Child Abuse Awareness Month 

During April, we recognize National Child Abuse Prevention Month and the importance of working together to support and strengthen families and prevent child maltreatment. Throughout the year, communities are encouraged to increase awareness about child and family well-being and work together to implement effective strategies that support families and prevent child abuse and neglect.

PINWHEELS

Prevent Child Abuse America started the Pinwheels for Prevention campaign in 2008 to create a national effort to change the public’s beliefs and behaviors regarding child abuse and neglect prevention. The pinwheel represents our efforts to change the way our nation thinks about prevention, focusing on community activities and public policies that prioritize prevention right from the start to make sure child abuse and neglect never occur.

For more information, visit the official Pinwheels for Prevention website.

“When we plant the blue pinwheels, hopefully, it’s to demonstrate to others what April is all about. It’s a child abuse prevention month… and the blue represents bruises that kids might have. We wear blue and we have blue pinwheels in solidarity for kids who have experienced abuse.”

1 Comment

  1. Also, “[even] well-meaning and loving parents can unintentionally do harm to a child if they are not well informed about human development” (Childhood Disrupted, pg.24).

    Therefore, failing at parenthood can occur as soon as the decision is made to conceive and carry a baby to term.

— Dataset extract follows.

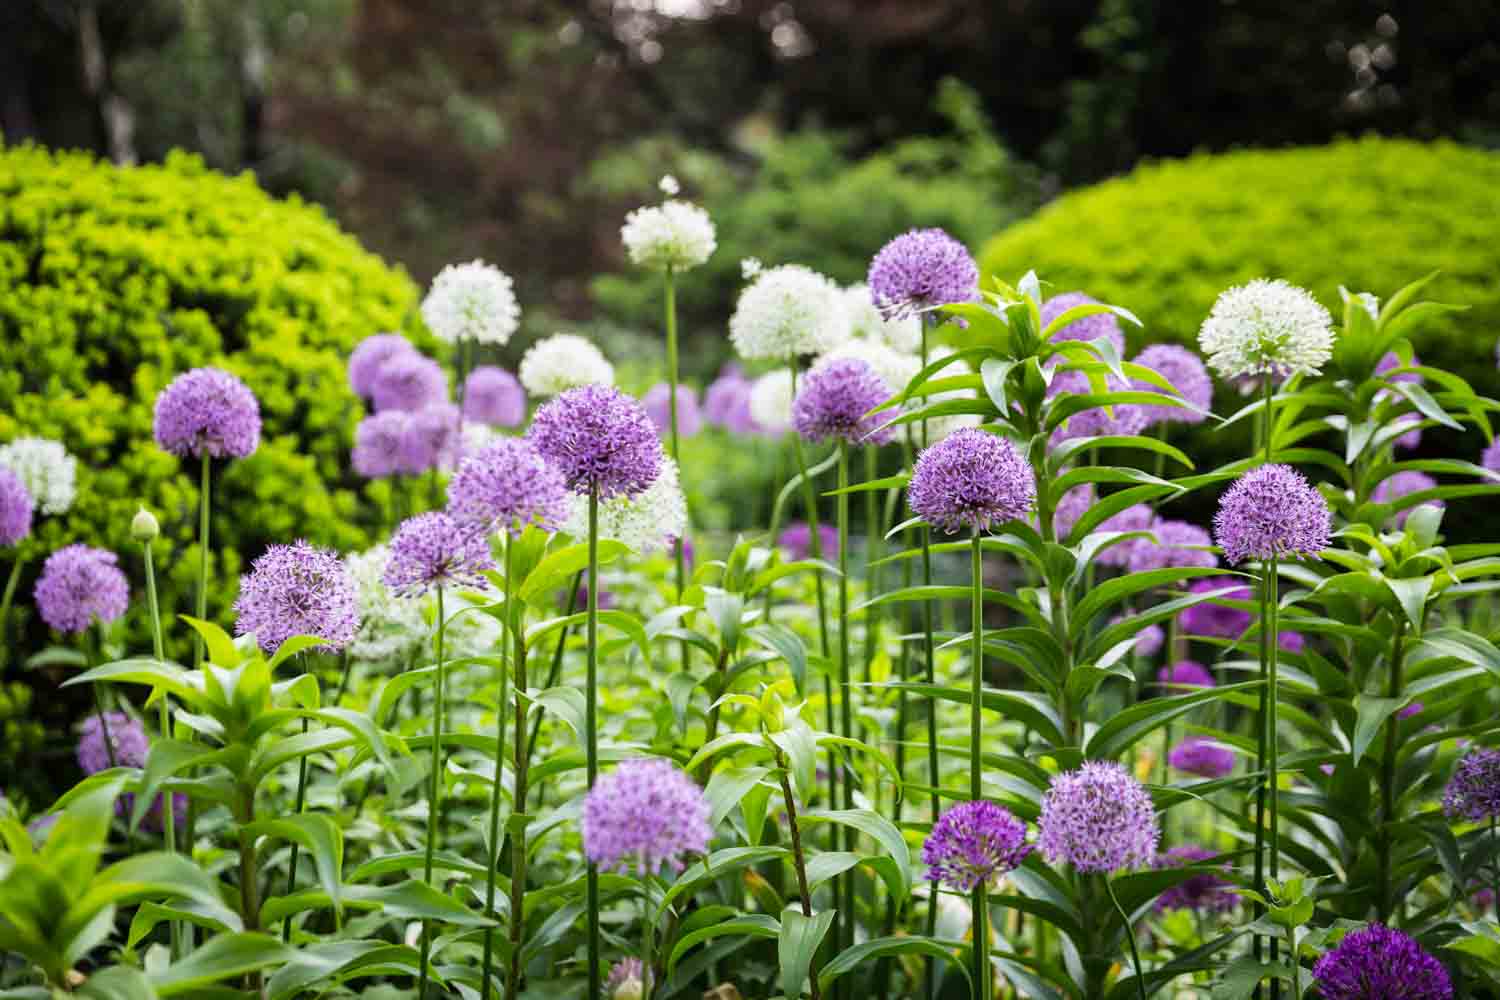 Purple and white flowers in Central Park Shakespeare Garden

    By this I don’t mean they necessarily are or will be ‘bad’ parents. Rather, it’s that too many people will procreate regardless of not being sufficiently knowledgeable of child development science to parent in a psychologically functional/healthy manner.

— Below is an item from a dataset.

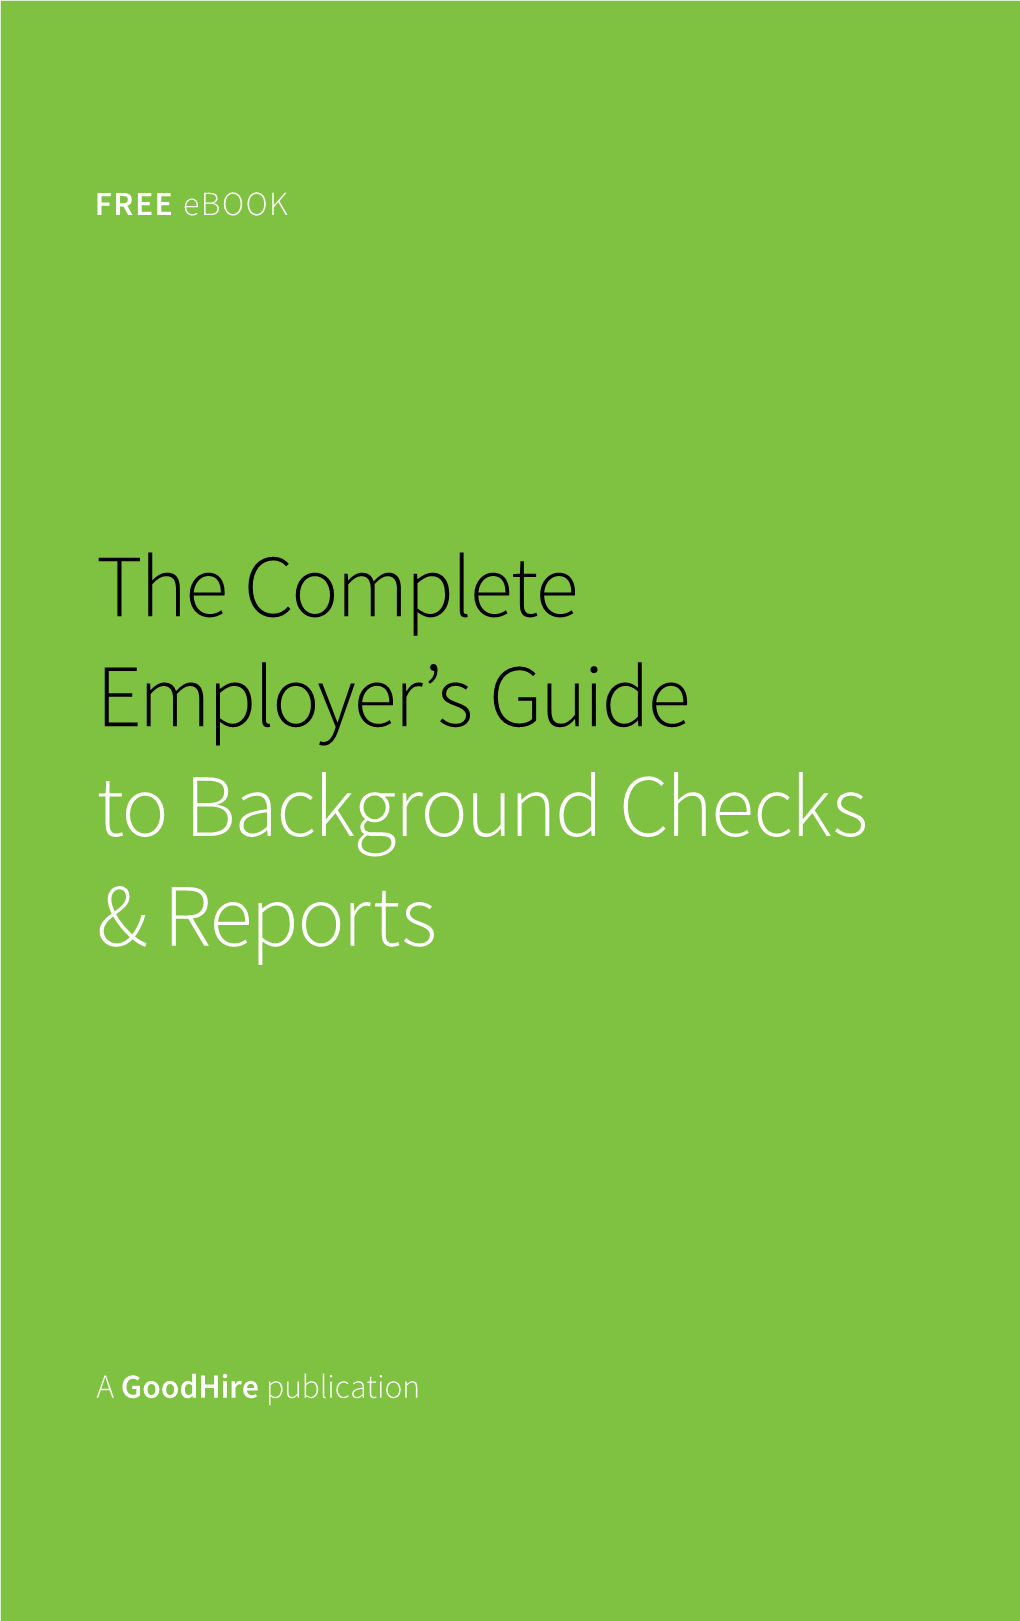 The Complete Employer's Guide to Background Checks & Reports

    They seem to perceive thus treat human procreative ‘rights’ as though they (potential parents) will somehow, in blind anticipation, be innately inclined to sufficiently understand and appropriately nurture their children’s naturally developing minds and needs.

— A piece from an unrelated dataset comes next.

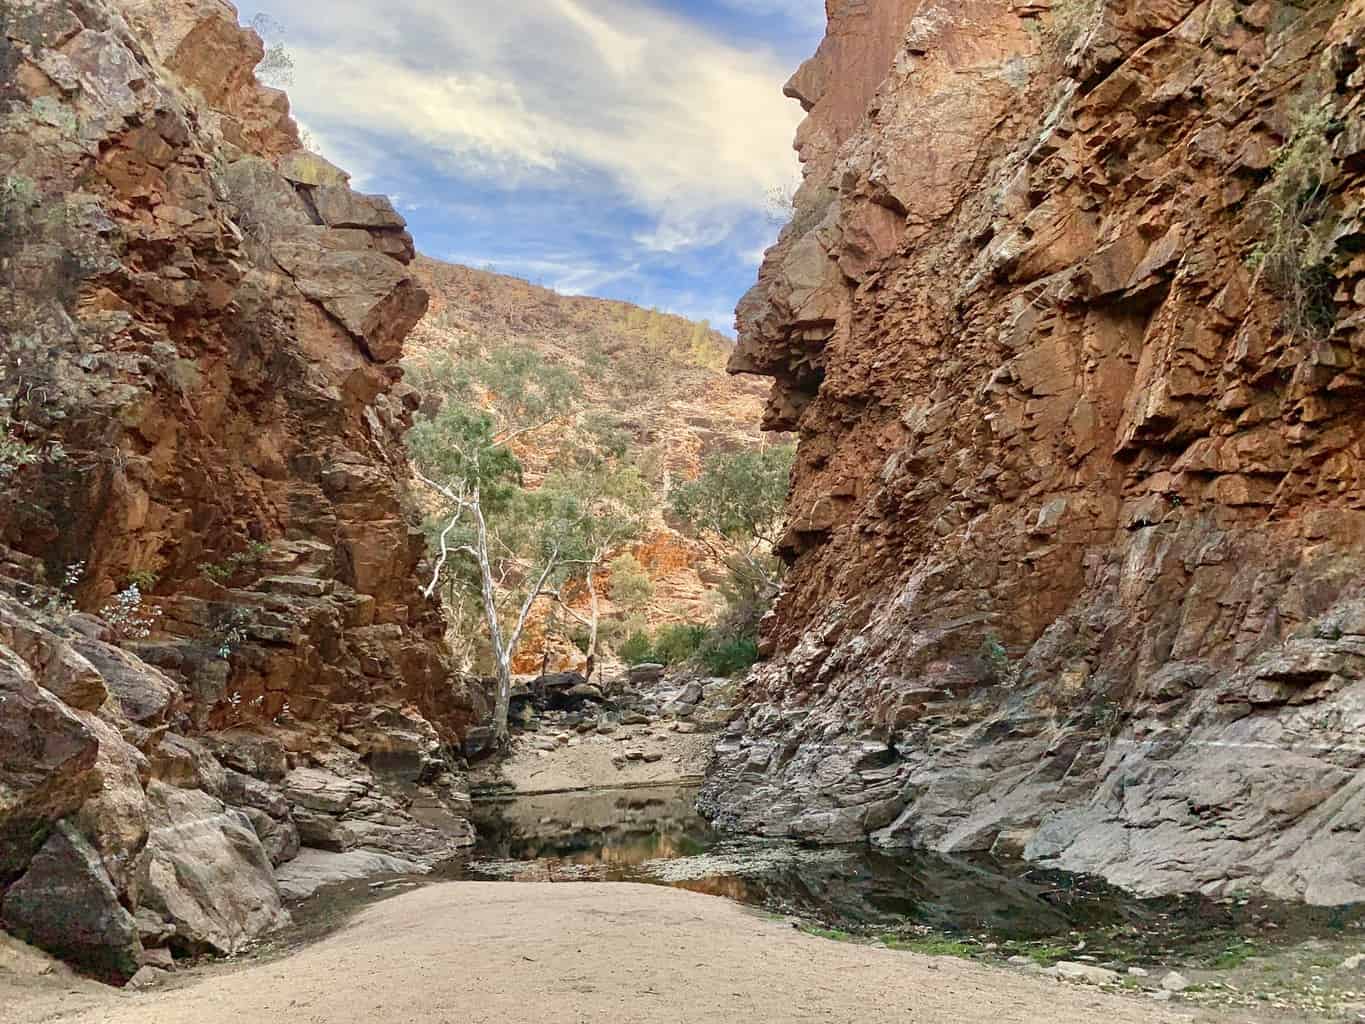 A COMPLETE OVERVIEW of Serpentine Gorge

    As liberal democracies we cannot or will not prevent anyone from bearing children, even those who recklessly procreate. We can, however, educate young people for this most important job ever, even those who plan to remain childless, through mandatory high-school child-development science curriculum.

    While it wouldn’t be overly complicated, it would be notably more informational than diaper changing and baby feeding, which often are already covered by home economics [etcetera] curriculum.

    If nothing else, such child-development science curriculum could offer students an idea/clue as to whether they’re emotionally suited for the immense responsibility and strains of parenthood. Given what is at stake, should they not at least be equipped with such valuable science-based knowledge?

    After all, a mentally as well as physically sound future should be every child’s fundamental right — along with air, water, food and shelter — especially considering the very troubled world into which they never asked to enter; a world in which Child Abuse Prevention Month [every April] clearly needs to run 365 days of the year.

    _________

    “I remember leaving the hospital thinking, ‘Wait, are they going to let me just walk off with him? I don’t know beans about babies! I don’t have a license to do this. We’re just amateurs’.”
    —Anne Tyler, Breathing Lessons

    “It’s only after children have been discovered to be severely battered that their parents are forced to take a childrearing course as a condition of regaining custody. That’s much like requiring no license or driver’s ed[ucation] to drive a car, then waiting until drivers injure or kill someone before demanding that they learn how to drive.”
    —Myriam Miedzian, Ph.D.

    “The way a society functions is a reflection of the childrearing practices of that society. Today we reap what we have sown. Despite the well-documented critical nature of early life experiences, we dedicate few resources to this time of life. We do not educate our children about child development, parenting, or the impact of neglect and trauma on children.”
    — Dr. Bruce D. Perry, Ph.D. & Dr. John Marcellus

    “It has been said that if child abuse and neglect were to disappear today, the Diagnostic and Statistical Manual would shrink to the size of a pamphlet in two generations, and the prisons would empty. Or, as Bernie Siegel, MD, puts it, quite simply, after half a century of practicing medicine, ‘I have become convinced that our number-one public health problem is our childhood’.”